We get a peek into this terrorist’s life as it pertains to what he started out doing and what kind of swagger he was possessed of in order to carry this all off. What we see here shows how he went from idealist to someone who was very good at what he did and that was all kinds of mayhem while also being attractive to the ladies. Now, I don’t know why these kinds of guys always got women lining up to be with them but to see this guy navigate the sea of hootchies he looks to have seduced it made me wonder whether taking up arms would be a good idea.

Apart from the expertly placed film festival designations, the pull-quotes that just fawn over this thing, there is a moment at around the minute fifteen mark that swiftly explains how many countries this guy was in, raising all kinds of terrorist hell, with a sweet break beat doing the work for us.

There is no question this trailer makes the guy look like your modern day Pied Piper but it does it so well that you have to respect the ability for whoever edited this to get just the right pieces of information to accentuate and eliminating the rest.

4192: The Crowning of the Hit King Trailer

Here’s the short of it: this trailer is pretty bad.

Now, why it’s getting included this week is because I believe there is a great documentary here but it’s just being obfuscated by really bad editing and music choices.
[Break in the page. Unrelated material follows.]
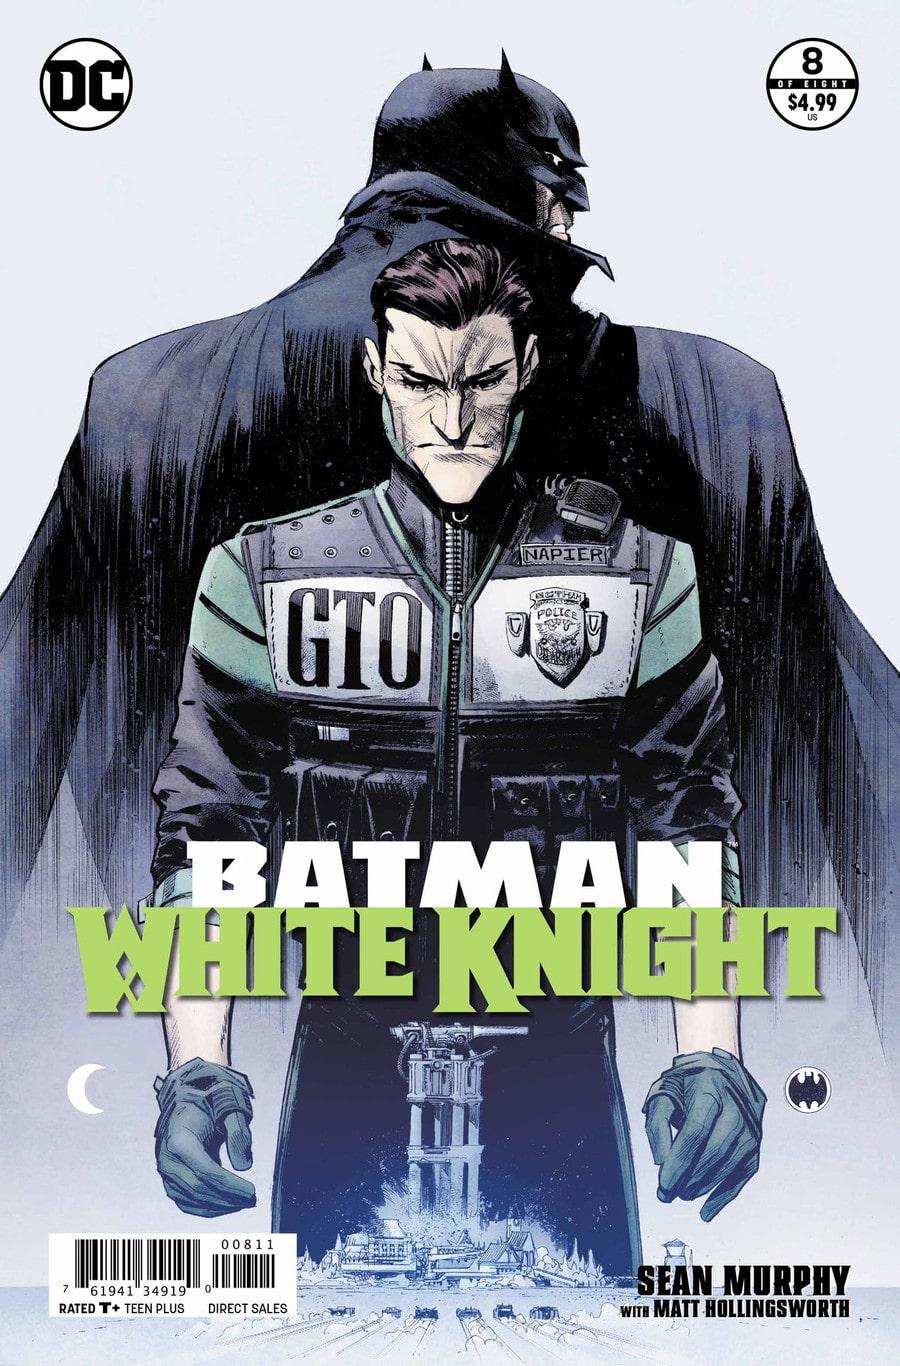 Batman et Harley Quinn porno comique

Really, this is an example of what happens when interesting films just get sold the wrong way which is not to say that this is a miserable trailer, just look to the preview for Chain Letter and that’ll make my point, but there are some things that can be learned by watching this. For all the brilliance that ESPN has put into their 30 for 30 documentary series this one could have used a little spit and polish from the guys who know how to package sports films.

Starting with a narration by J.K. Simmons, who comes off sounding like he’s going to be talking to me about my erectile dysfunction issues with baseball being the metaphor (“Do you remember what it was like to round first base? Realizing now it feels like you’ve been hitting ground balls back to the pitcher for the past ten years?”), the message is jumbled right there. With J.K. bizarrely having to pick up a bat that’s laying prostrate in the dirt, the camera catching every weird inch of Simmons hiking his pants up to do it, we finally see that iconic shot. It’s Pete Rose diving head first, his arms out like Superman. That’s your lead. That’s what you lead off with. Not this.
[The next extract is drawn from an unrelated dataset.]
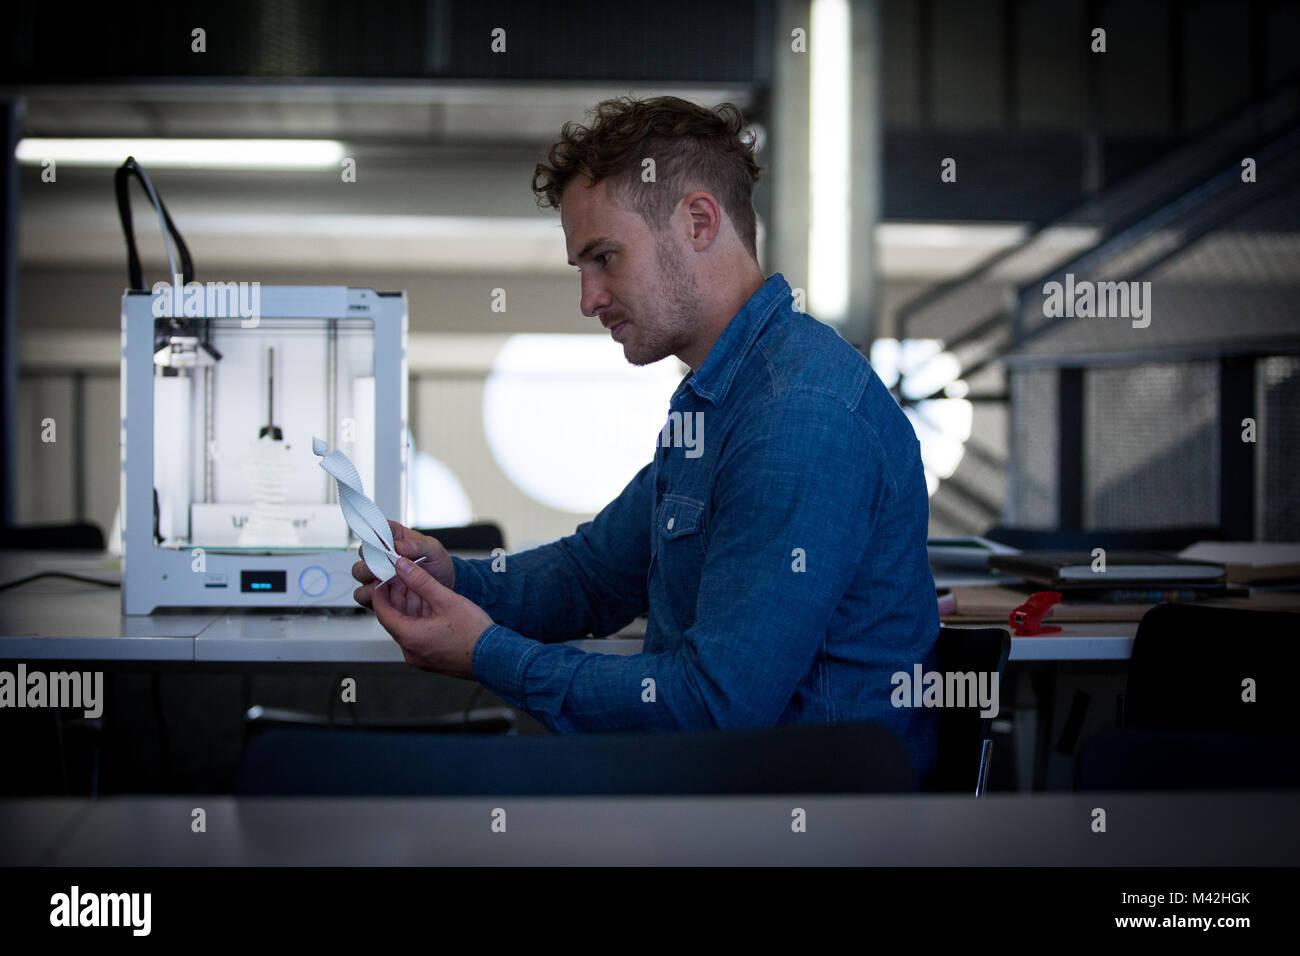 Diseñador con impresora 3D Imagen De Stock

Getting Pete’s background, seeing old black and white shots of him tearing out of the dugout, getting a little history on the guy, this is interesting. Now, what causes a little bit of a disconnect at this point is the soundtrack playing beneath it. With a dramatic opera consisting of a chorus of men and women chanting as if this was the last thirty seconds of the Spider-Man trailer where they blaze though all sorts of action beats, getting us all into a lather, Pete’s just talking about getting out there and playing baseball. Cue record scratch.

I’m being honest, though, when I say what Pete has to say is riveting. It is, without question, intense. He is talking right at the camera as he talks about the mindset of a man who is charging for home with a catcher standing in his way who doesn’t have the ball. I’m frothing, just vibing off this guy’s passion. To hear him frame 18 of 24 years as failures in the big league because he didn’t make it into the World Series, it’s brilliant. This is what should be focused on, not the bad operatic ditty we get shoved in our ears.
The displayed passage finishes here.